======== Dataset excerpts

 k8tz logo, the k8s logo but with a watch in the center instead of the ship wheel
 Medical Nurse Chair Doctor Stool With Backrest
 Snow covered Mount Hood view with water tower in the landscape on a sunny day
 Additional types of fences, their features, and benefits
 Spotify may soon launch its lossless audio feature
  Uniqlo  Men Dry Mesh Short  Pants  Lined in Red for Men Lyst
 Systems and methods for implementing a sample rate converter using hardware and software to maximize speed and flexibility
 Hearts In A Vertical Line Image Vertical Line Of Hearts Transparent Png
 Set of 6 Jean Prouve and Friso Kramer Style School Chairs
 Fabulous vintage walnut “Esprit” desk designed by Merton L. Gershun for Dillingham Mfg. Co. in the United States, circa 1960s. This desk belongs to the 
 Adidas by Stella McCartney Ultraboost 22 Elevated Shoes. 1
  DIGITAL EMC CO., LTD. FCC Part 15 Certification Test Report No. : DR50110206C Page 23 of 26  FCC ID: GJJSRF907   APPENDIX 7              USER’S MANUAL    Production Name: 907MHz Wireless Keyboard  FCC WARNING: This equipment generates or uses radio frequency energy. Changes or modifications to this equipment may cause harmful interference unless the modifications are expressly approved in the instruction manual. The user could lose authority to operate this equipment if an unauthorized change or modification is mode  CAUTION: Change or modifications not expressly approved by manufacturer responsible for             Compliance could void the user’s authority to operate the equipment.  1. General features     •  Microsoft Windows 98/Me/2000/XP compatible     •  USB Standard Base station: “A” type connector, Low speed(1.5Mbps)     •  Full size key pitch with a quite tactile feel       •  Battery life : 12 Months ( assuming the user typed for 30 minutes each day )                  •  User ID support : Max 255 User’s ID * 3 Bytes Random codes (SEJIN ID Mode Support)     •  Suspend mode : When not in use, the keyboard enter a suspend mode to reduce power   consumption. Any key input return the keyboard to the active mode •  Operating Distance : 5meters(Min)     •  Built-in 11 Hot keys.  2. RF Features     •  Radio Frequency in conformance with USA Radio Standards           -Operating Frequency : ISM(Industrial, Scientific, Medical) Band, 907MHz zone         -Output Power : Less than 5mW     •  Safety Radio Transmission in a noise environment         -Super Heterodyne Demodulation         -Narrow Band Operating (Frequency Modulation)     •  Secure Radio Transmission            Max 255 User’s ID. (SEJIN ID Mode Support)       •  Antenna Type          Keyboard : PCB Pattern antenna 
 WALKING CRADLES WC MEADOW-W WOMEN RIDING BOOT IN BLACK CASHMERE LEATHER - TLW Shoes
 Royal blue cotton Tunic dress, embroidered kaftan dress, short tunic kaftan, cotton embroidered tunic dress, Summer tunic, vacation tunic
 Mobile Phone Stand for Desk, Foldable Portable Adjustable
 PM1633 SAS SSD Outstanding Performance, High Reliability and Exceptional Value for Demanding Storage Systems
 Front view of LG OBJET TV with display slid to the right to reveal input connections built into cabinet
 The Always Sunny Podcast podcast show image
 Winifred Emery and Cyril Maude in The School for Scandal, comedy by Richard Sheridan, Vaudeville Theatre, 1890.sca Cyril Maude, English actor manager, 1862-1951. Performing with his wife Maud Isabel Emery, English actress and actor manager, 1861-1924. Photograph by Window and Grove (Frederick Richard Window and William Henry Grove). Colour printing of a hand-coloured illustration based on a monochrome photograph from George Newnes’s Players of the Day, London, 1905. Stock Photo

================

▶ **What is expected**
You are asked to copy all of the entries above exactly.

▶ **Solution**
 k8tz logo, the k8s logo but with a watch in the center instead of the ship wheel
 Medical Nurse Chair Doctor Stool With Backrest
 Snow covered Mount Hood view with water tower in the landscape on a sunny day
 Additional types of fences, their features, and benefits
 Spotify may soon launch its lossless audio feature
  Uniqlo  Men Dry Mesh Short  Pants  Lined in Red for Men Lyst
 Systems and methods for implementing a sample rate converter using hardware and software to maximize speed and flexibility
 Hearts In A Vertical Line Image Vertical Line Of Hearts Transparent Png
 Set of 6 Jean Prouve and Friso Kramer Style School Chairs
 Fabulous vintage walnut “Esprit” desk designed by Merton L. Gershun for Dillingham Mfg. Co. in the United States, circa 1960s. This desk belongs to the 
 Adidas by Stella McCartney Ultraboost 22 Elevated Shoes. 1
  DIGITAL EMC CO., LTD. FCC Part 15 Certification Test Report No. : DR50110206C Page 23 of 26  FCC ID: GJJSRF907   APPENDIX 7              USER’S MANUAL    Production Name: 907MHz Wireless Keyboard  FCC WARNING: This equipment generates or uses radio frequency energy. Changes or modifications to this equipment may cause harmful interference unless the modifications are expressly approved in the instruction manual. The user could lose authority to operate this equipment if an unauthorized change or modification is mode  CAUTION: Change or modifications not expressly approved by manufacturer responsible for             Compliance could void the user’s authority to operate the equipment.  1. General features     •  Microsoft Windows 98/Me/2000/XP compatible     •  USB Standard Base station: “A” type connector, Low speed(1.5Mbps)     •  Full size key pitch with a quite tactile feel       •  Battery life : 12 Months ( assuming the user typed for 30 minutes each day )                  •  User ID support : Max 255 User’s ID * 3 Bytes Random codes (SEJIN ID Mode Support)     •  Suspend mode : When not in use, the keyboard enter a suspend mode to reduce power   consumption. Any key input return the keyboard to the active mode •  Operating Distance : 5meters(Min)     •  Built-in 11 Hot keys.  2. RF Features     •  Radio Frequency in conformance with USA Radio Standards           -Operating Frequency : ISM(Industrial, Scientific, Medical) Band, 907MHz zone         -Output Power : Less than 5mW     •  Safety Radio Transmission in a noise environment         -Super Heterodyne Demodulation         -Narrow Band Operating (Frequency Modulation)     •  Secure Radio Transmission            Max 255 User’s ID. (SEJIN ID Mode Support)       •  Antenna Type          Keyboard : PCB Pattern antenna 
 WALKING CRADLES WC MEADOW-W WOMEN RIDING BOOT IN BLACK CASHMERE LEATHER - TLW Shoes
 Royal blue cotton Tunic dress, embroidered kaftan dress, short tunic kaftan, cotton embroidered tunic dress, Summer tunic, vacation tunic
 Mobile Phone Stand for Desk, Foldable Portable Adjustable
 PM1633 SAS SSD Outstanding Performance, High Reliability and Exceptional Value for Demanding Storage Systems
 Front view of LG OBJET TV with display slid to the right to reveal input connections built into cabinet
 The Always Sunny Podcast podcast show image
 Winifred Emery and Cyril Maude in The School for Scandal, comedy by Richard Sheridan, Vaudeville Theatre, 1890.sca Cyril Maude, English actor manager, 1862-1951. Performing with his wife Maud Isabel Emery, English actress and actor manager, 1861-1924. Photograph by Window and Grove (Frederick Richard Window and William Henry Grove). Colour printing of a hand-coloured illustration based on a monochrome photograph from George Newnes’s Players of the Day, London, 1905. Stock Photo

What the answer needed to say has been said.